Africa: No Natural Disasters Caused By Shifting Tectonic Plates in East Africa 'This Month'

"We will experience more 'natural disasters' like floods, earthquakes, volcanoes this month," claims a Facebook post dated 17 April 2022. It says that "as part of Eastern Africa experience a shift in Tectonic plates towards the West", a gap will form between two parts of the continent, and flood with water.

These "tetron plates", it says, start in the coastal South African city of Durban, "going north past Egypt, towards Kyiv", the capital of Ukraine.

It adds that there will be "heavy explosions along this line as a cover up" - that the tectonic activity will be hidden from the public.

But is any of this true?

The conspiratorial warnings and claims of floods and other natural disasters are certainly not, but there is some truth to the post. Let's explain.

Tectonic plates are drifting apart, but very slowly

The surface of the Earth is made up of tectonic plates - massive pieces of land that can move slowly on top of the layer of partially molten rock beneath them. A map created by National Geographic shows the positions of some of the Earth's major plates.

While some tectonic plate maps show only a single "African plate", you'll notice that the National Geographic map has two smaller plates in its place. This is due to the East African Rift (EAR), in which the African plate is slowly splitting in two: the Nubian plate to the west and the Somali plate to the east.

As a 2014 study describes, the EAR is around 5,000 kilometres long and crosses several eastern African countries. But it does not extend "from Durban, going north past Egypt, towards Kyiv".

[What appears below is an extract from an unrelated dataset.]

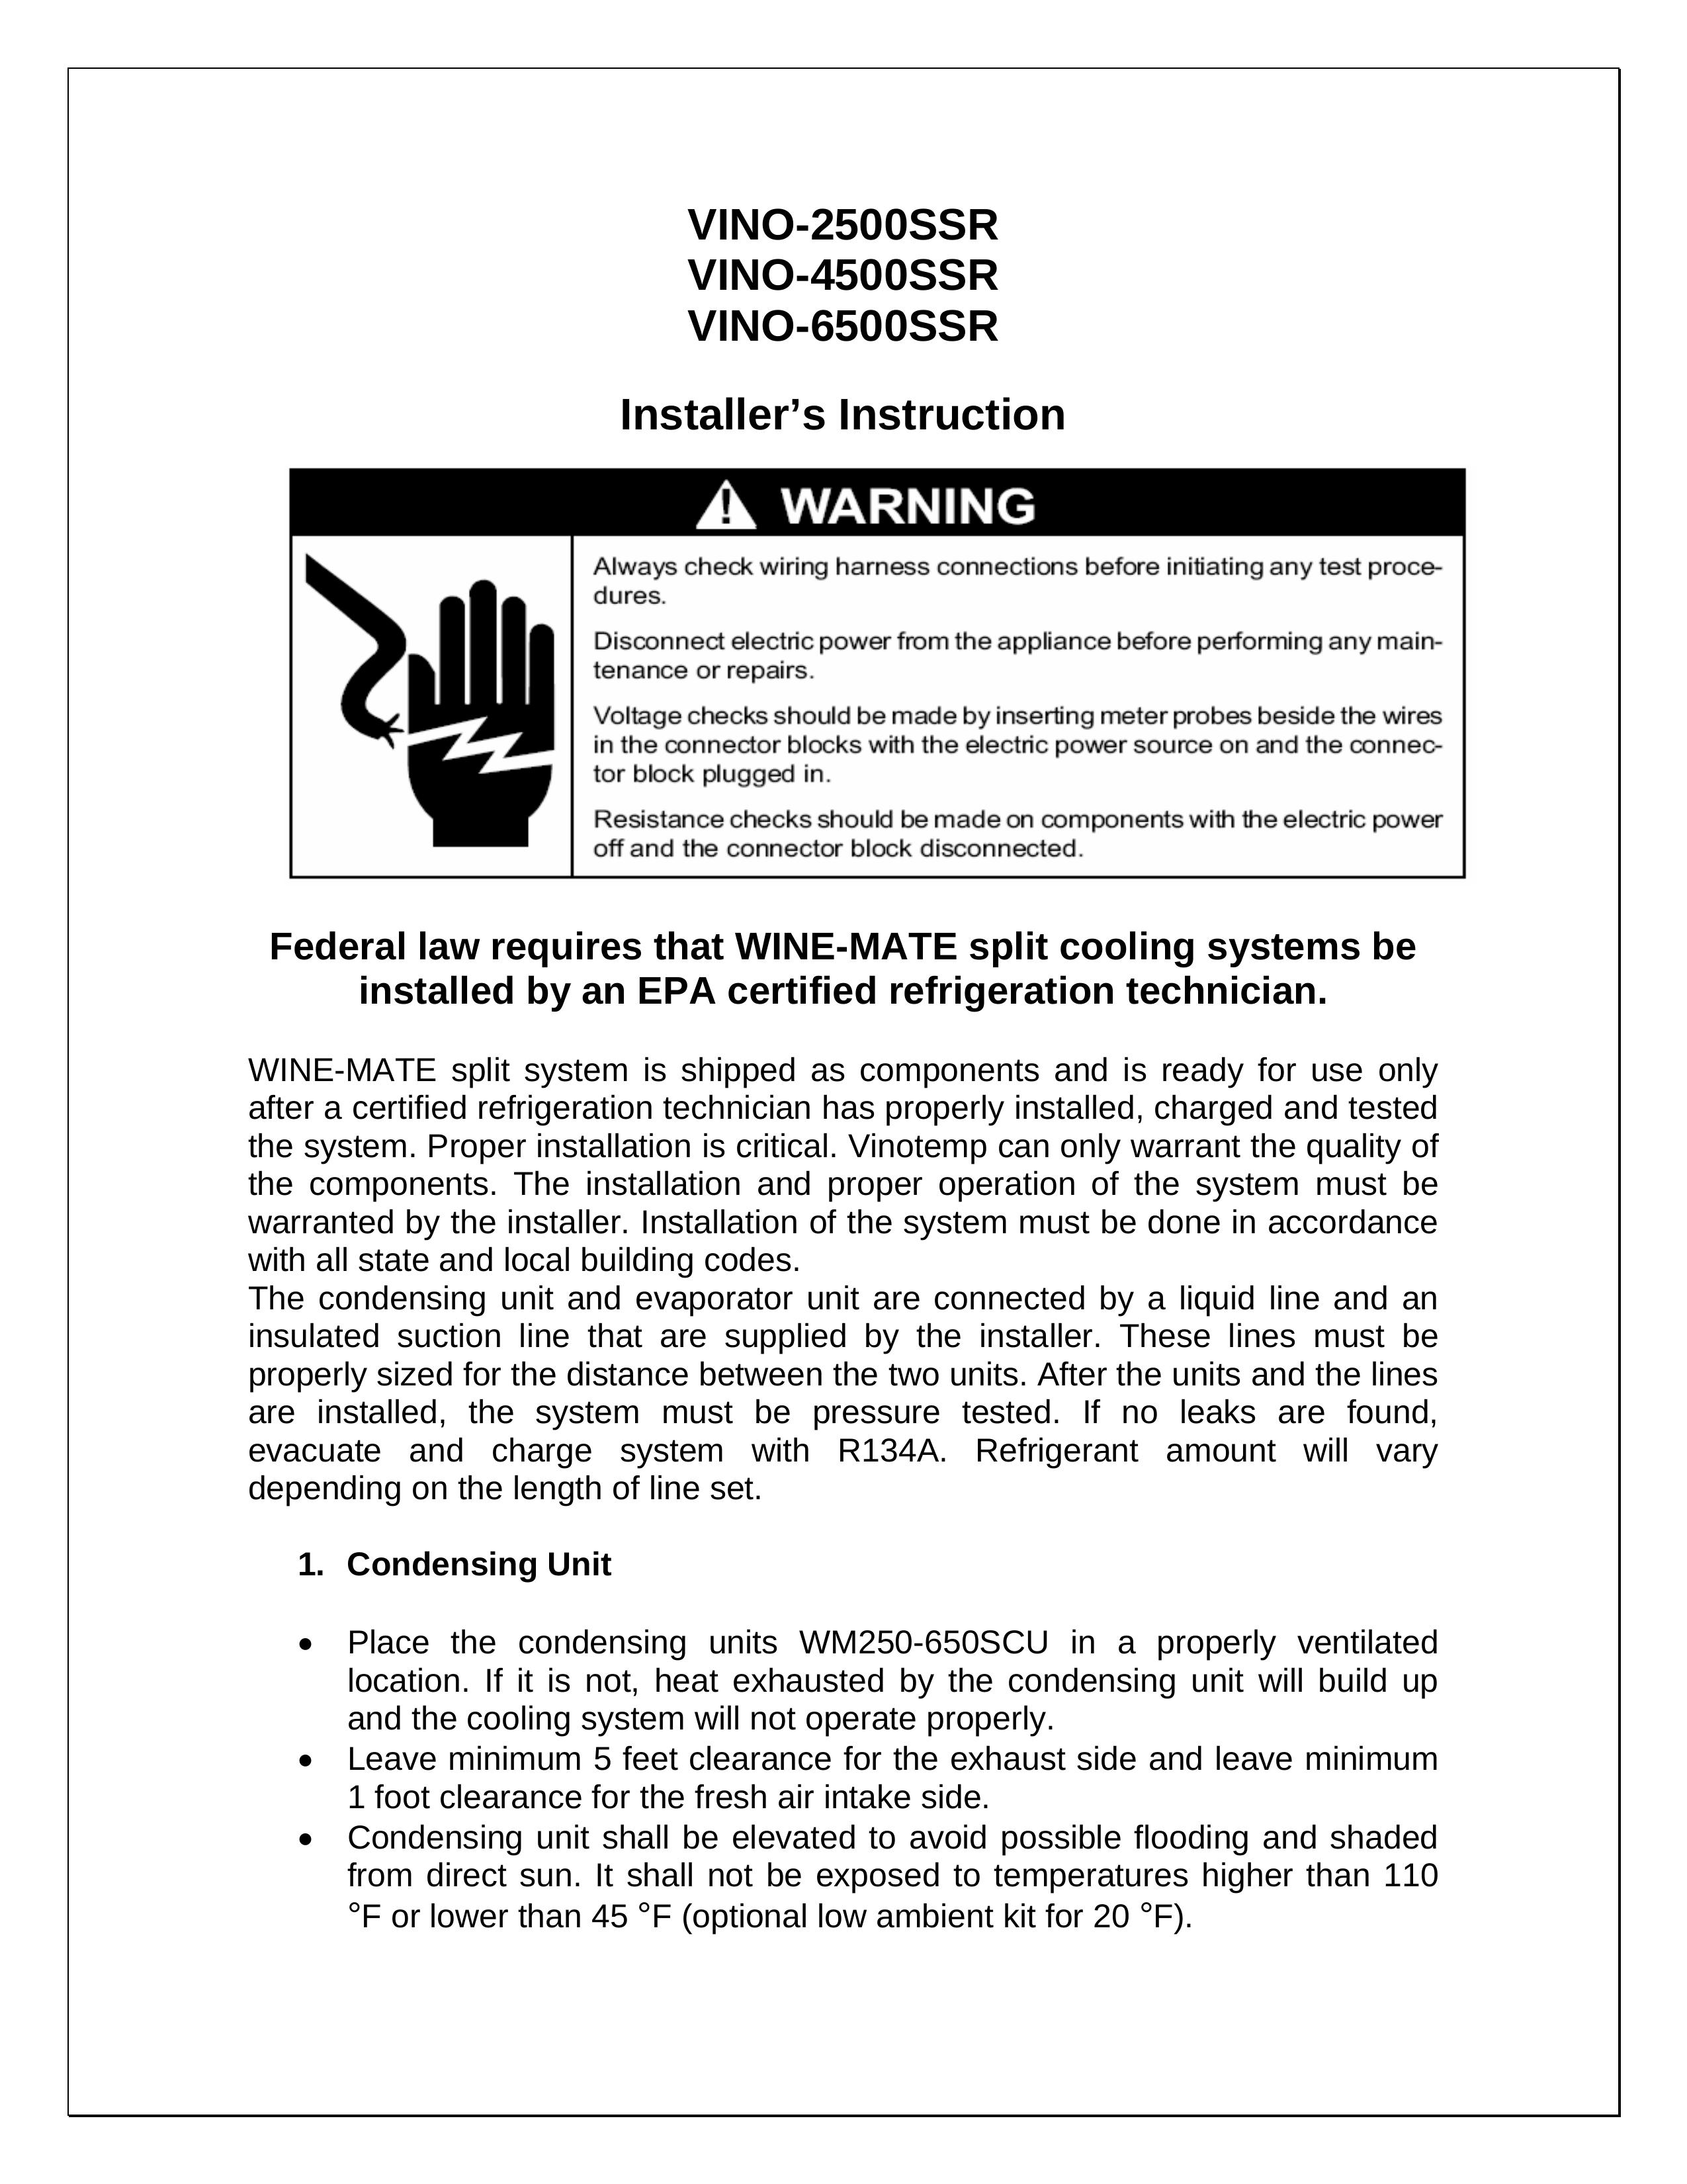 Vinotemp VINO-4500SSR Refrigerator User Manual

All of Ukraine, including Kyiv, lies on the Eurasia plate and doesn't touch the EAR. And the EAR does not pass through or near Durban. The rift extends under the sea, never crossing South Africa or touching its coastline.

Nor is the rift going to cause dramatic changes in less than a month. Tectonic plates move slowly, and the EAR is thought to be separating at just over 5 millimetres per year - or around 7 mm a year according to other estimates. So there won't be any dramatic changes to the landscape "this month".

In (a lot of) time, the plates will eventually drift far enough apart for water to rush in and create a new ocean.

Rift will become a new ocean ... in around 10 million years

As the BBC reported in September 2020, the EAR will eventually form a new ocean in the Afar Depression. This is the area along the border of Ethiopia and Djibouti where the Nubian, Somali and Arabian plates meet.

Geophysicists at the Nasa Earth Observatory told the BBC that in around 10 million years, the Afar Depression will fill with water as the EAR drifts apart, creating "an ocean as big as the Atlantic, while the Horn of Africa will become an island".

The process may occasionally have noticeable effects on everyday life. Lucía Pérez-Díaz, a geologist at the University of Oxford in the UK, wrote in 2018 that "the formation of new faults, fissures and cracks or renewed movement along old faults as the Nubian and Somali plates continue moving apart can result in earthquakes".

But Pérez-Díaz stresses that even this seismic activity is limited and largely unnoticeable. She reassures readers that "rifting is a very slow process that, most of the time, goes about splitting Africa without anybody even noticing".

So the EAR won't cause a sudden increase in natural disasters this month. As for the more conspiratorial aspects of the claim (that the EAR will be "covered up"), a wealth of information about the rift is available for free to the public. The research papers, news reports, and expert comments which Africa Check has quoted in this report are all publicly available.